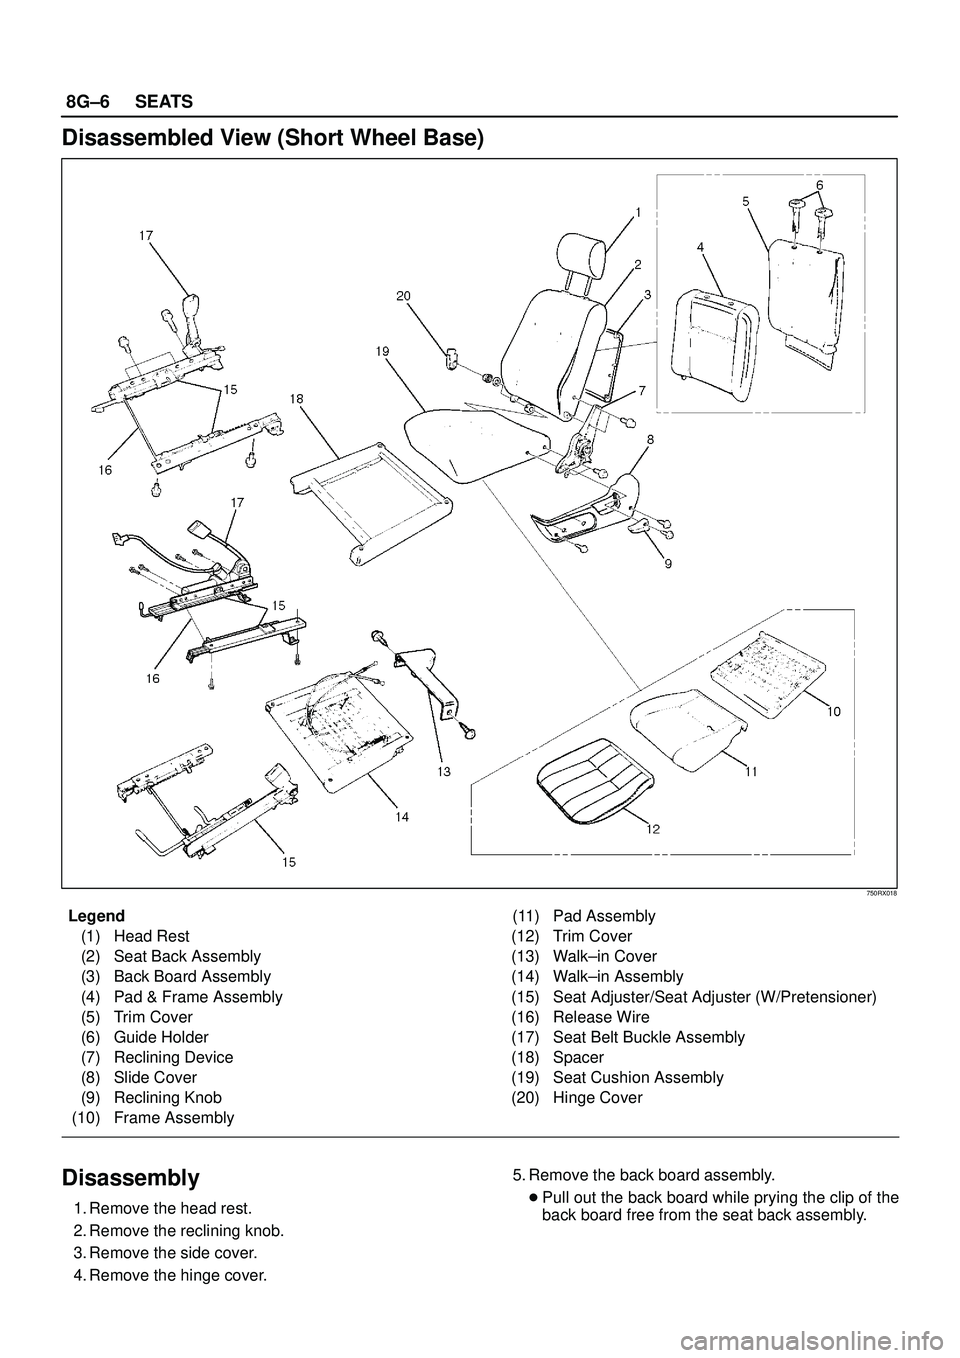 ISUZU TROOPER 1998  Service Repair Manual 8G±6SEATS
Disassembled View (Short Wheel Base)
750RX018
Legend
(1) Head Rest
(2) Seat Back Assembly
(3) Back Board Assembly
(4) Pad & Frame Assembly
(5) Trim Cover
(6) Guide Holder
(7) Reclining Devi

++++++++++

— THE PROBLEM —
If a line above contains the word "Back", list it.

— OUTPUT —
(2) Seat Back Assembly
(3) Back Board Assembly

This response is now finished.